This month’s theme is something I’ve been thinking about for a while but wasn’t sure if it would resonate with anyone. The theme is “Before and After: Stories that divide your life.” At first I thought maybe it was a little too dramatic. Not everyone has a life-changing event that sharply divides the first part of your life from the second. But then I realized that we all have little things that happen to us where we can see that there was some sort of before and after effect.

The last couple of days I’ve been listing off all the things in my life that represent some kind of that-was-me-then and this-is-men-now. I just realized this week that it was 10 years ago since I joined Weight Watchers and started bringing my lunches to work. Every Sunday for 10 years I’ve cooked five days worth of lunches so I’m not tempted to eat a giant portion of something at a restaurant. Making lunches seems like a tiny little thing but when I think about it terms of a decade of healthy eating it makes me feel pretty good.

Naturally, I have some big before-and-after stories, my parents dying, my son being born, moving to Washington in ’95. But the little stories are the ones that I’m having the most fun thinking about this week.

In 2007, I was driving one of favorite comics to a gig when he told me the difference between telling a joke and being funny. That 30-minute conversation on SR 167 changed how I write and eventually led me to storytelling.

There was the time in the gym in 2009 when I did my first pull-up. For most of my life I’d been the weakest guy in the room. Ten push-ups was a struggle. If three of us had to move a couch I’d be the one holding the pillows while the other two moved the thing upstairs. But the day I did that first pull-up, man I felt like the baddest man in three counties. I was Bruce Lee, Chuck Norris and Grizzly Adams all rolled into one. I walked around town for the next two hours looking for a robbery to stop.

I remember a long time ago when I got an email out of the blue telling me that the NPR affiliate in Austin was going to play an audio story I made about my dad on Father’s Day. I had finished the story nine years earlier but no one in my family wanted to hear it. So it sat online for years collecting Google dust before someone halfway across the country heard it and decided it was good. For nine years I wondered why almost no one wanted to listen to it. When I sent it to Transom.org, the producer wrote back to say he had no idea what he was listening to. I had no idea what he meant by but I was pretty sure it meant he didn’t like it. But then, someone in a little studio in Austin found it and decided it was perfect for their Father’s Day show. They played it again the following year. And the year after that. I didn’t make any money from it but I’ve been living off the emotional residuals ever since. I learned that I’m not for everyone but I might be for someone. And that’s enough for me.

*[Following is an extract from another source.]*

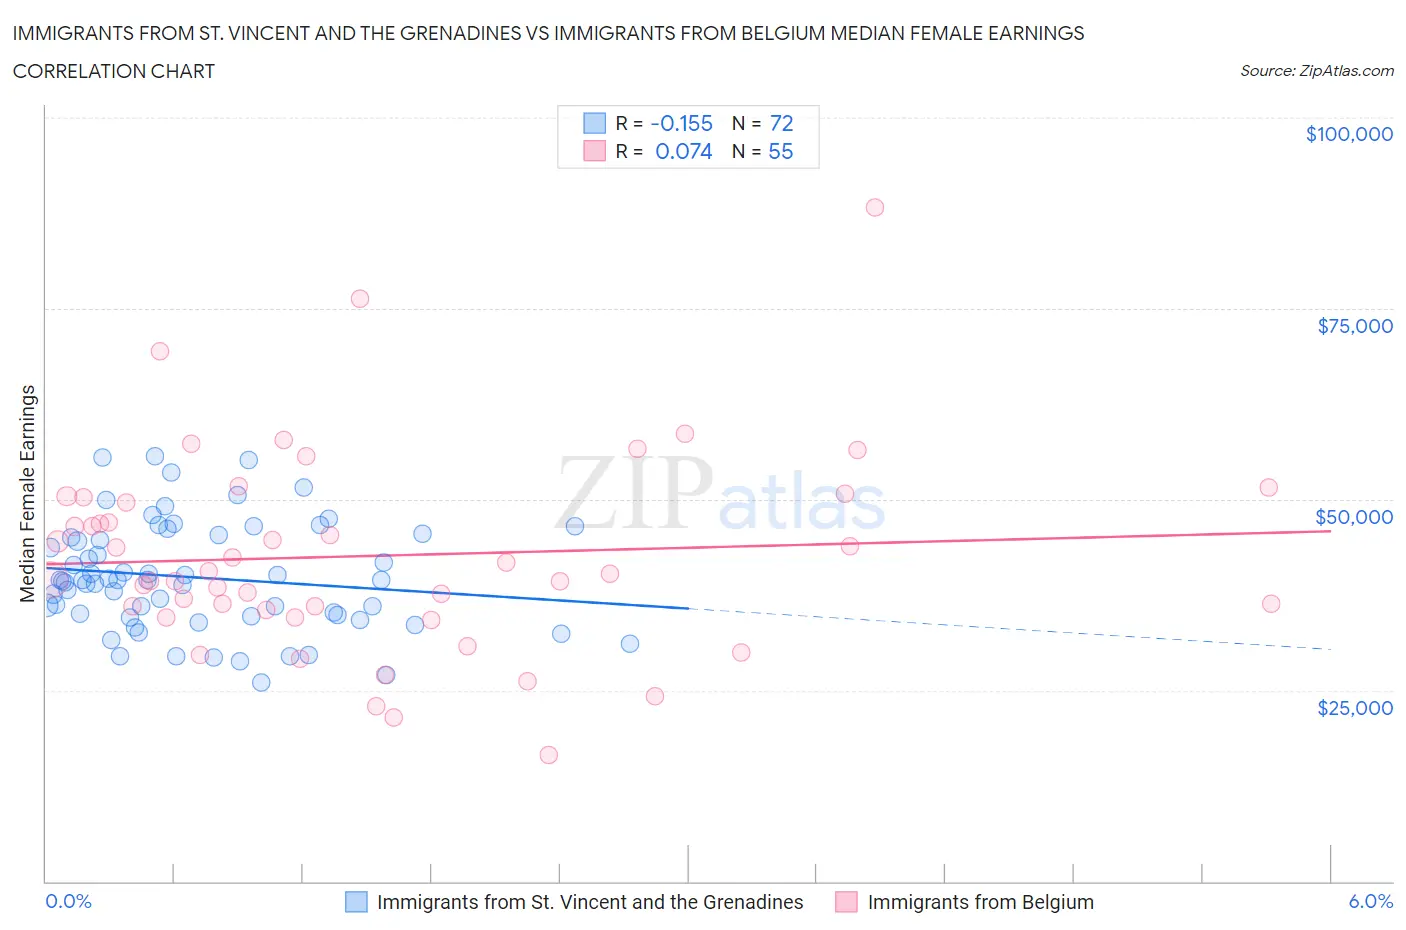 Immigrants from St. Vincent and the Grenadines vs Immigrants from Belgium Median Female Earnings

And that is the kind of story we’re looking for. The theme for July’s show is “Before and After: Stories that divide your life.” Bring a true, 8-minutes-or-less story about something that happened where you think of your life before and after that event. I know you have lots of those moments so pick one of them and figure out how to tell that story. Remember to keep it clean and practice out loud as often as possible.

Here are the rules and guidelines to help you along:

https://freshgroundstories.wordpress.com/2013/01/22/storytelling-rules-and-guidelines/

I hope to see you on July 27 at 7pm at Roy Street Coffee and Tea.